CYBER TARGET :Names, account numbers and contact data for 1 percent of its North American clients were exposed, but not card security codes
Citigroup Inc said computer hackers breached the bank’s network and
accessed the data of about 200,000 bank card holders in North America,
the latest of a string of cyber attacks on high-profile companies.
Citi
said the names of customers, account numbers and contact information,
including e-mail addresses, were viewed in the breach, which the
Financial Times said was discovered by the bank early last month.
However, Citi said other information such as birthdates, social
security numbers, card expiration dates and card security codes (CVV)
were not compromised.
“We are contacting customers whose
information was impacted.
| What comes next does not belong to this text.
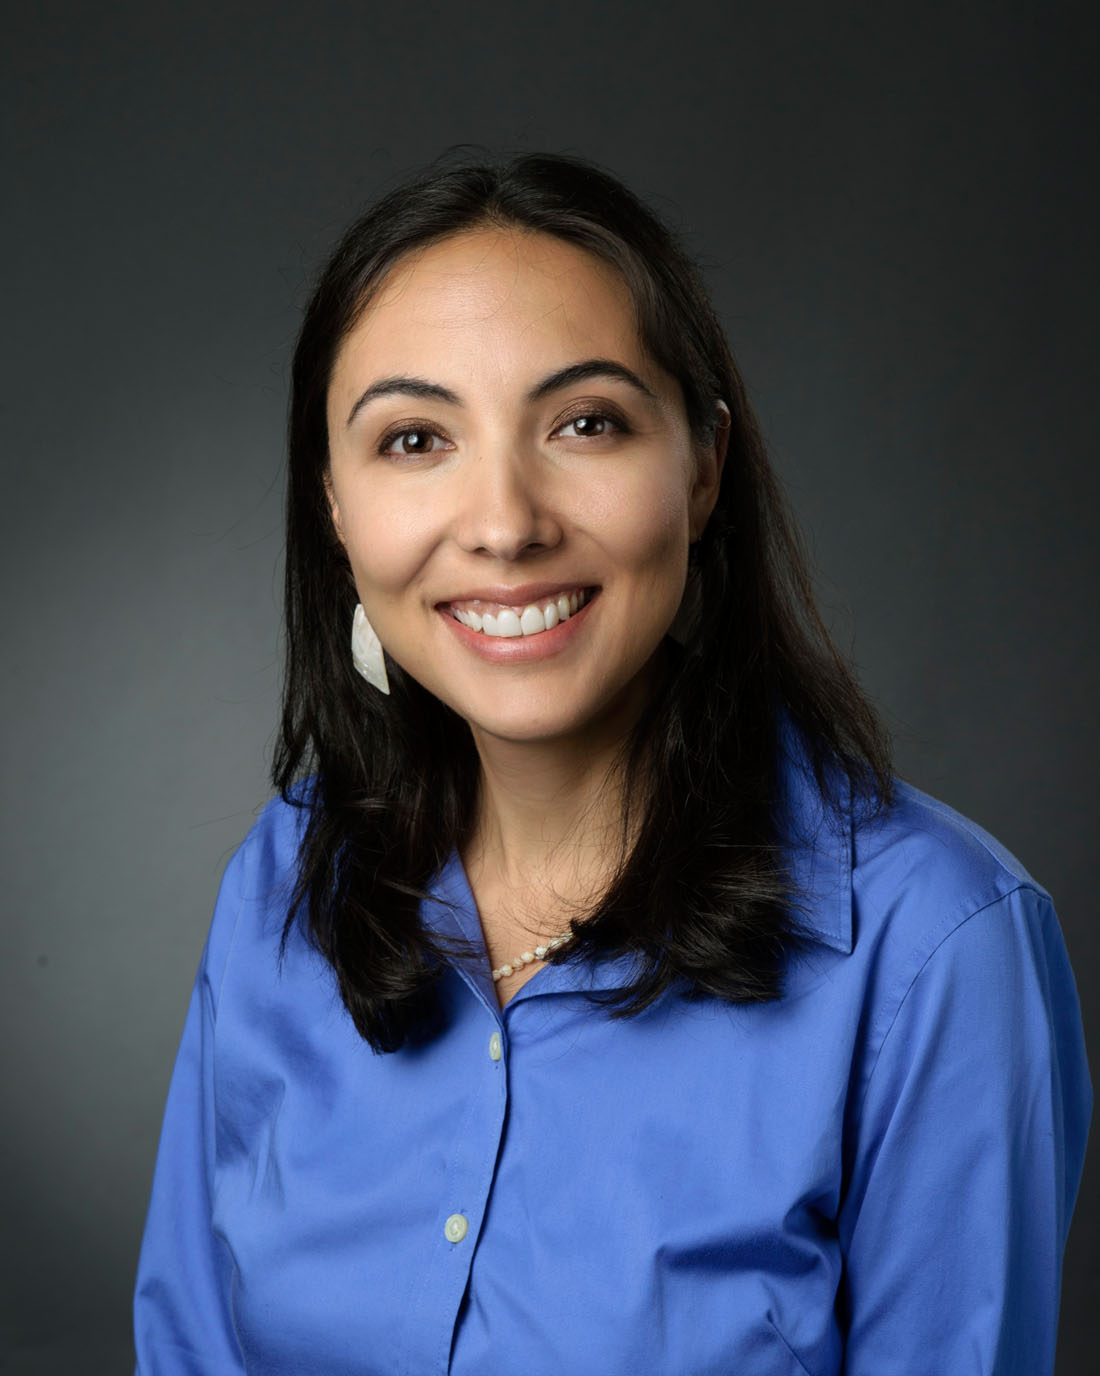 Vanessa Simonds, ScD

Citi has implemented enhanced procedures to
prevent a recurrence of this type of event,” Sean Kevelighan, a US-based
spokesman, said by e-mail. “For the security of these customers, we are
not disclosing further details.”
In the brief e-mail statement, Citi did not say how the breach had occurred.
Another Citi spokesman, James Griffiths in Hong Kong, said the breach
had affected 1 percent of North American card customers, which the
bank’s annual report says total 21 million.
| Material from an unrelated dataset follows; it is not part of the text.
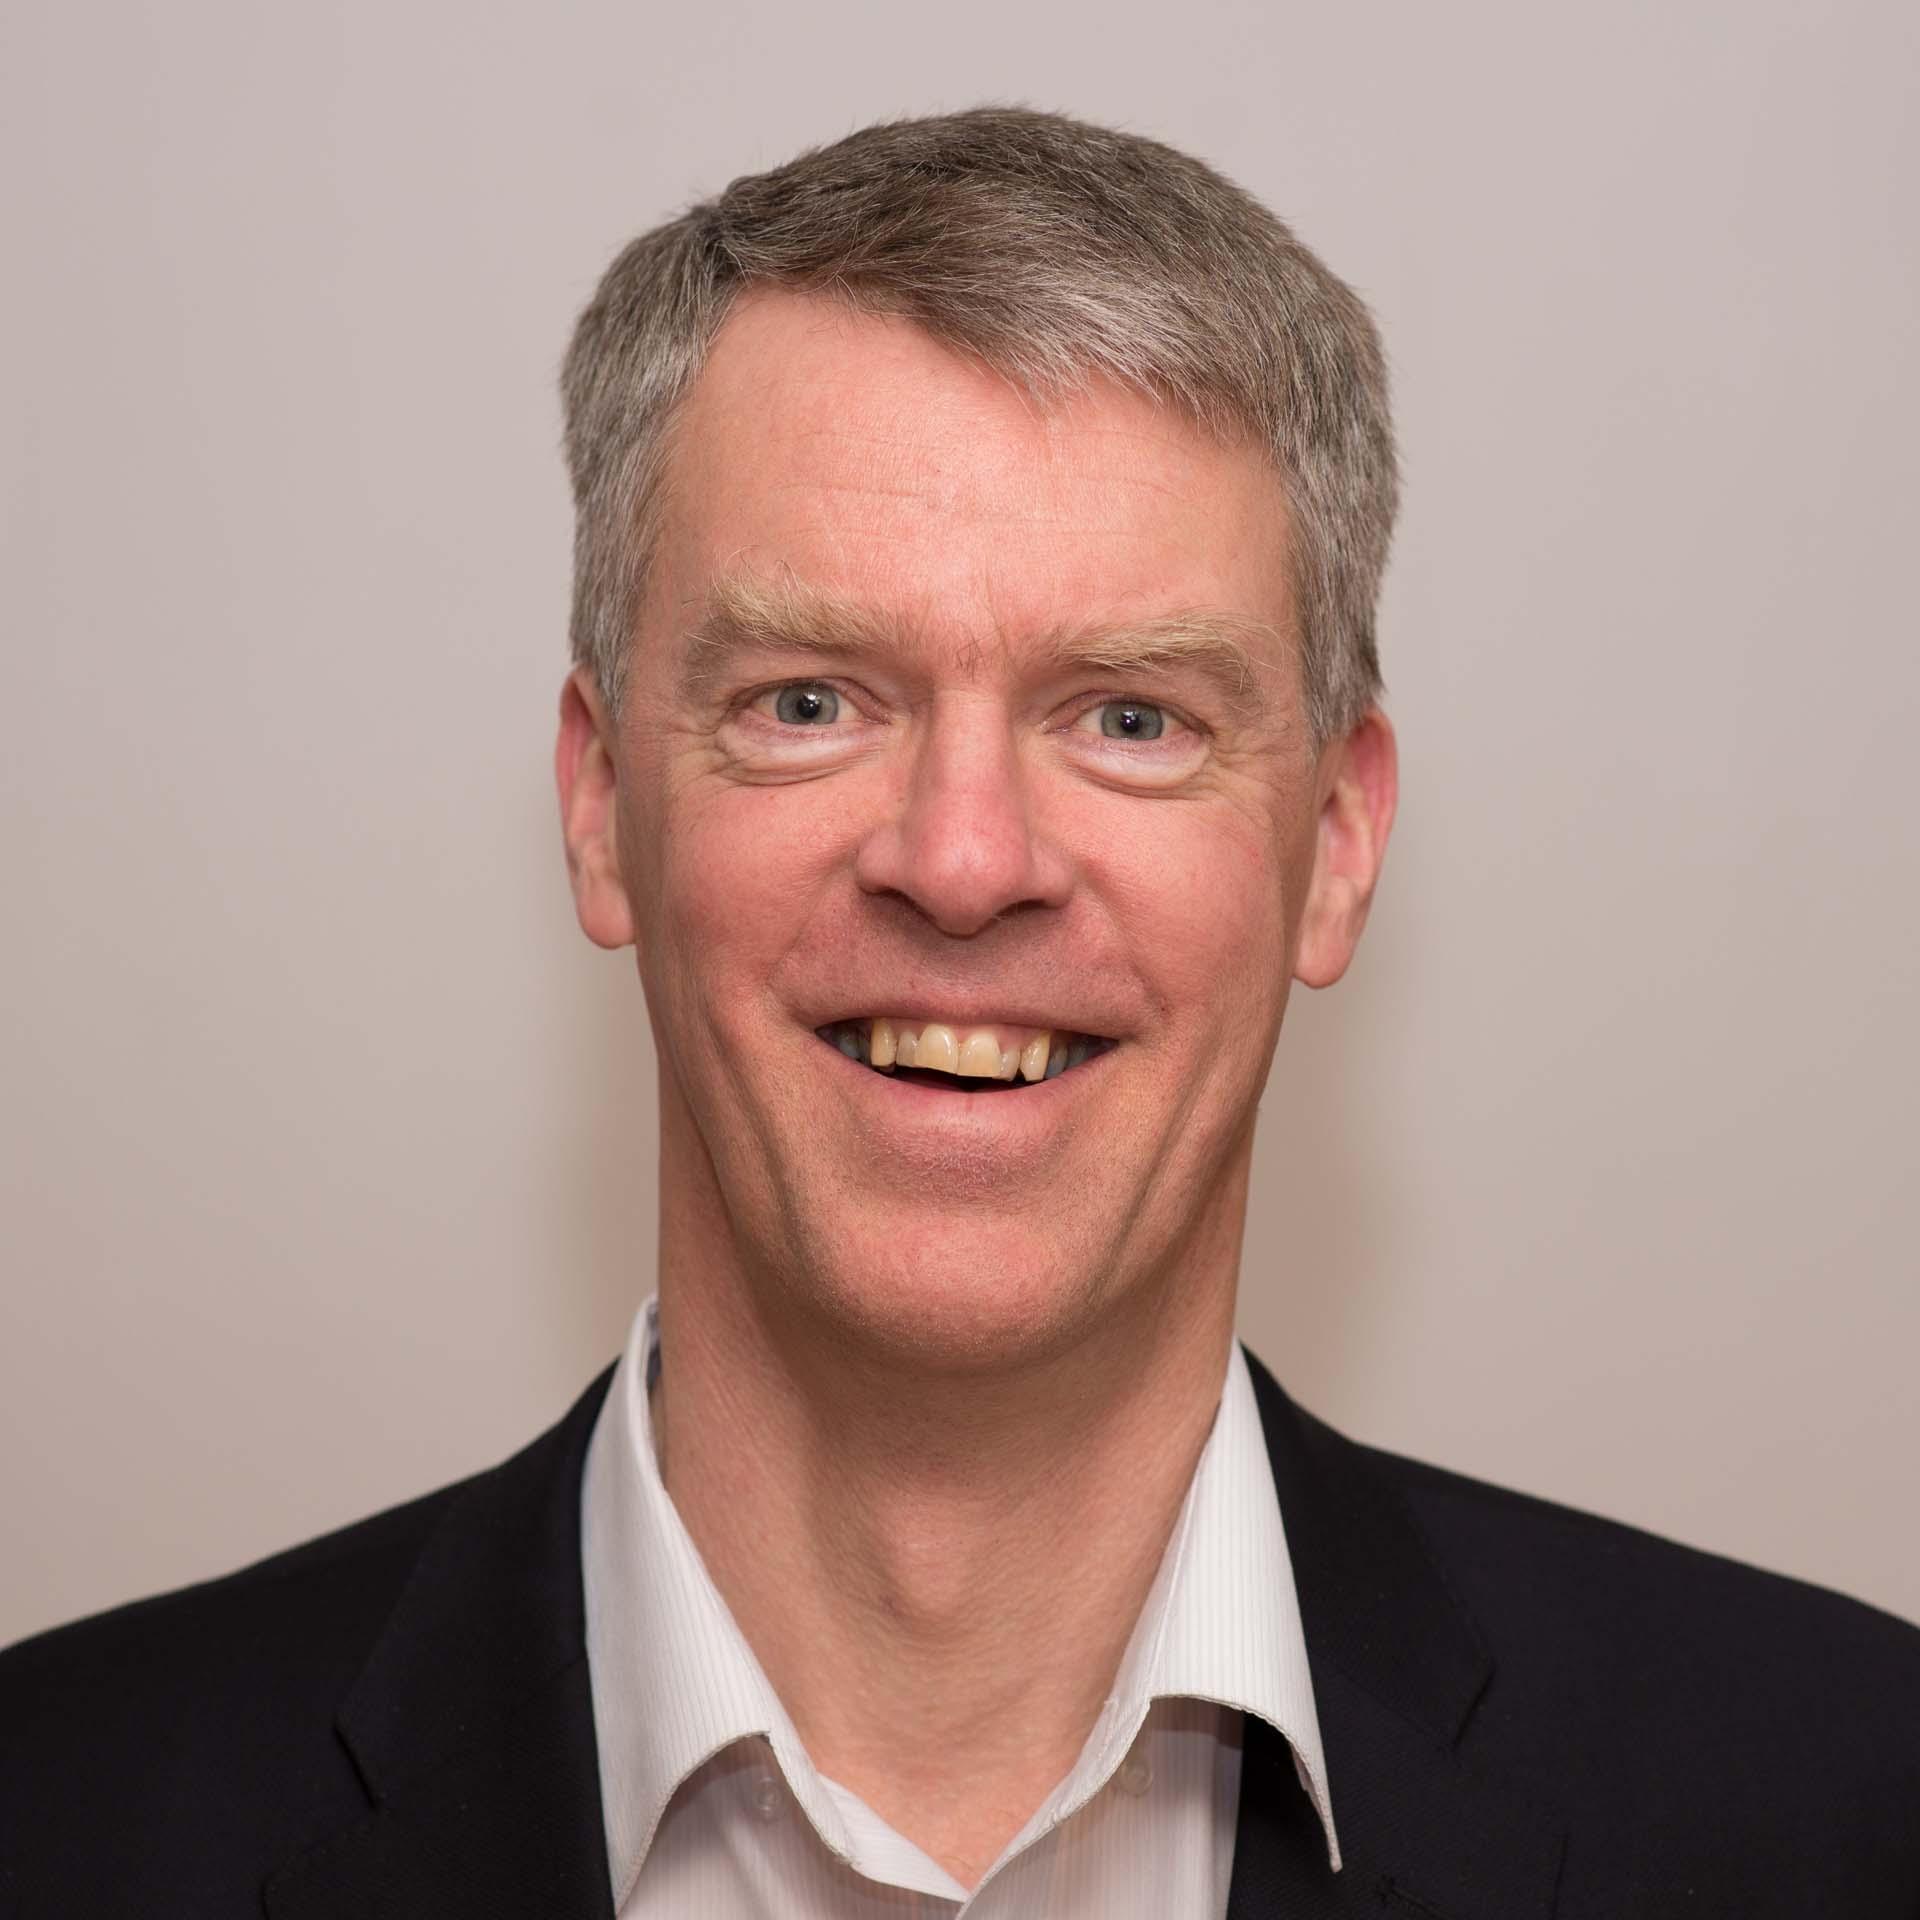 Sverre Slotte

Citigroup joins a growing list of companies that have suffered cyber attacks.
Data
storage firm EMC Ltd this week offered to replace millions of
electronic keys after hackers used data from its RSA security division
to break into the network of arms supplier and information technology
provider Lockheed Martin, while Google Inc last week revealed a major
attack on its Gmail accounts targeting, among others, senior US
government officials that it said appeared to originate in China.
In
Tokyo, Sony said it would restore all Qriocity online music and video
distribution services yesterday everywhere except Japan, after shutting
it and its PlayStation Network down in April due to hacker attacks.
The company said in a statement that it would announce the restoration of Qriocity services in Japan when they become available.
Sony
has already restored all PlayStation Network services everywhere except
Japan, Hong Kong and South Korea, enabling users in the Americas and
Europe and much of Asia to buy and download games online.
Meanwhile,
Sony Marketing, the Tokyo-based company that markets and sells Sony
products in Japan, said yesterday that an unidentified person might have
stolen “Sony points” from customers’ accounts by using their e-mail
addresses.
That person may have exchanged the points worth about ¥280,000
(US$3,500 ) for shopping coupons that could be used to buy Sony
products, the company said.
A total of 95 e-mail addresses were
involved in the case, but the company said there was “no trace of
leakage from our company of personal information including e-mail
addresses and passwords,” Sony Marketing said.
A Sony spokesman
said there was no evidence that the marketing firm’s security had been
breached but how the points were stolen was yet to be investigated.